Ilán Semo
La norteamericanización de Europa
A lo largo del siglo XX, Estados Unidos, casi sin descanso, promueve y capitaliza las contradicciones, los conflictos y las guerras entre los países europeos, siempre de manera inédita e imprevisible. En 1917, Washington ingresa tardíamente a la Primera Guerra Mundial. Comparada con la devastación europea, la proporción de sus pérdidas es mínima. Primero financia la polarización y ahonda las diferencias, después es la única potencia capaz de cobrar los saldos vencidos. Más tarde, cuando el fascismo alemán desconoce los tratados de Versalles, la Casa Blanca se regocija. Una Europa dividida es una Europa débil. En el periodo que separa las dos guerras, la expansión estadunidense emplaza y desplaza al imperio colonial británico, que decae. No sin razón, Lorenzo Meyer ha visto en ese reordenamiento político y económico una de las múltiples circunstancias (internacionales) que hicieron posible la expropiación petrolera en México en 1938.
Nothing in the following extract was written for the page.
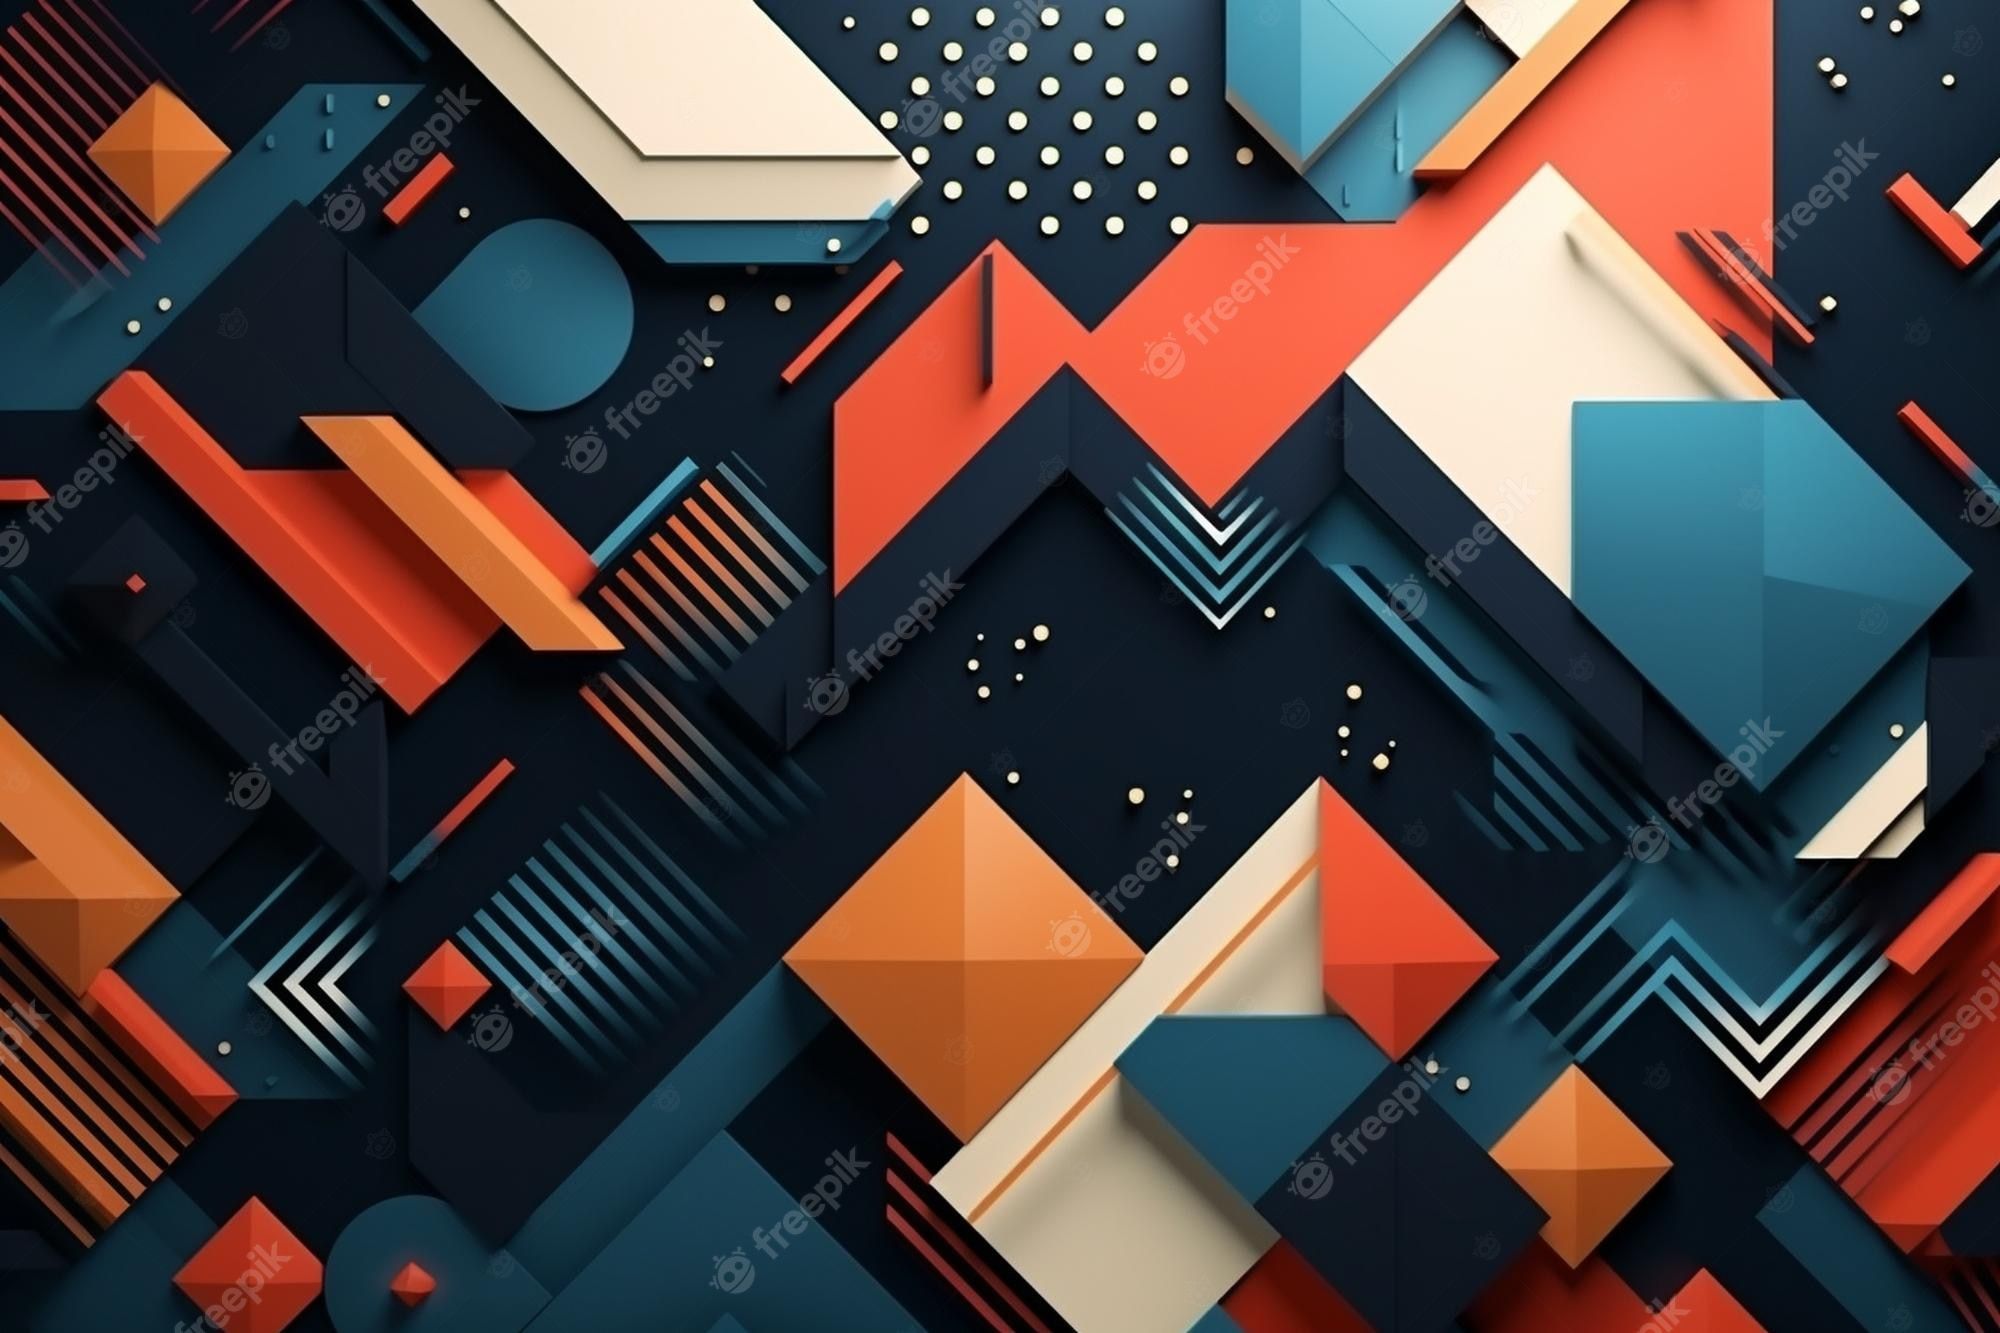 Abstract geometric pattern with colorful shapes - Geometry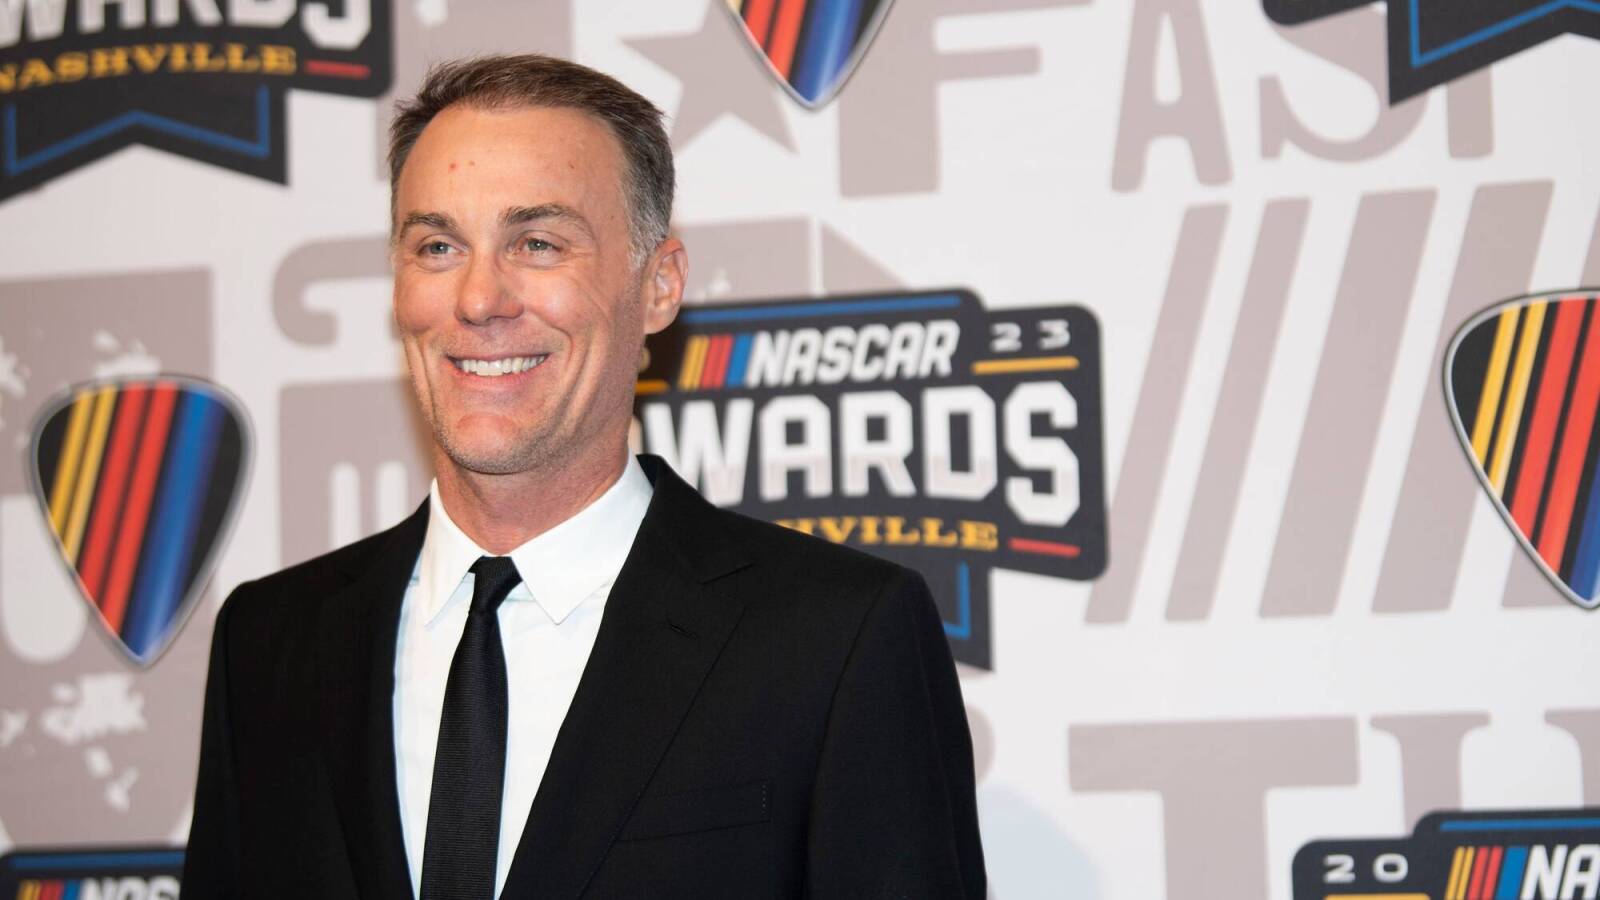 Kevin Harvick disagrees with Larry McReynolds on Denny Hamlin win total this season, concedes 60 wins is toast

En la Segunda Guerra Mundial, Roosevelt muestra que el pragmatismo es algo más que una visión circunstancial de una cultura política que a veces, a primera vista, se antoja provincial. A diferencia de Alemania, en ningún momento se lanza a un frente de batalla de alto riesgo. Cierto, las tropas del tío Sam combaten con dificultades a los japoneses, pero sólo ingresan al viejo continente cuando los estados europeos están en ruinas. La historia anglosajona llama a este tardío despliegue un acto de liberación. También fue un ejercicio de ocupación. Lo único nuevo en el Plan Marshall en materia de "políticas de financiamiento" consistió en una versión primaria del "crédito a la palabra". De él provinieron los fondos para la reconstrucción europea, pero sobre todo para el renacimiento de la industria alemana. Europa liquidó con creces cada uno de los préstamos, y Estados Unidos hizo, probablemente, el mayor negocio del siglo XX. A cambio, Alemania quedó exonerada del pago de reparaciones de guerra a los países que devastó (con excepción, en cierta medida, de Israel). Cierto, en los acuerdos de Potsdam flota el amargo recuerdo de los tratados de Versalles.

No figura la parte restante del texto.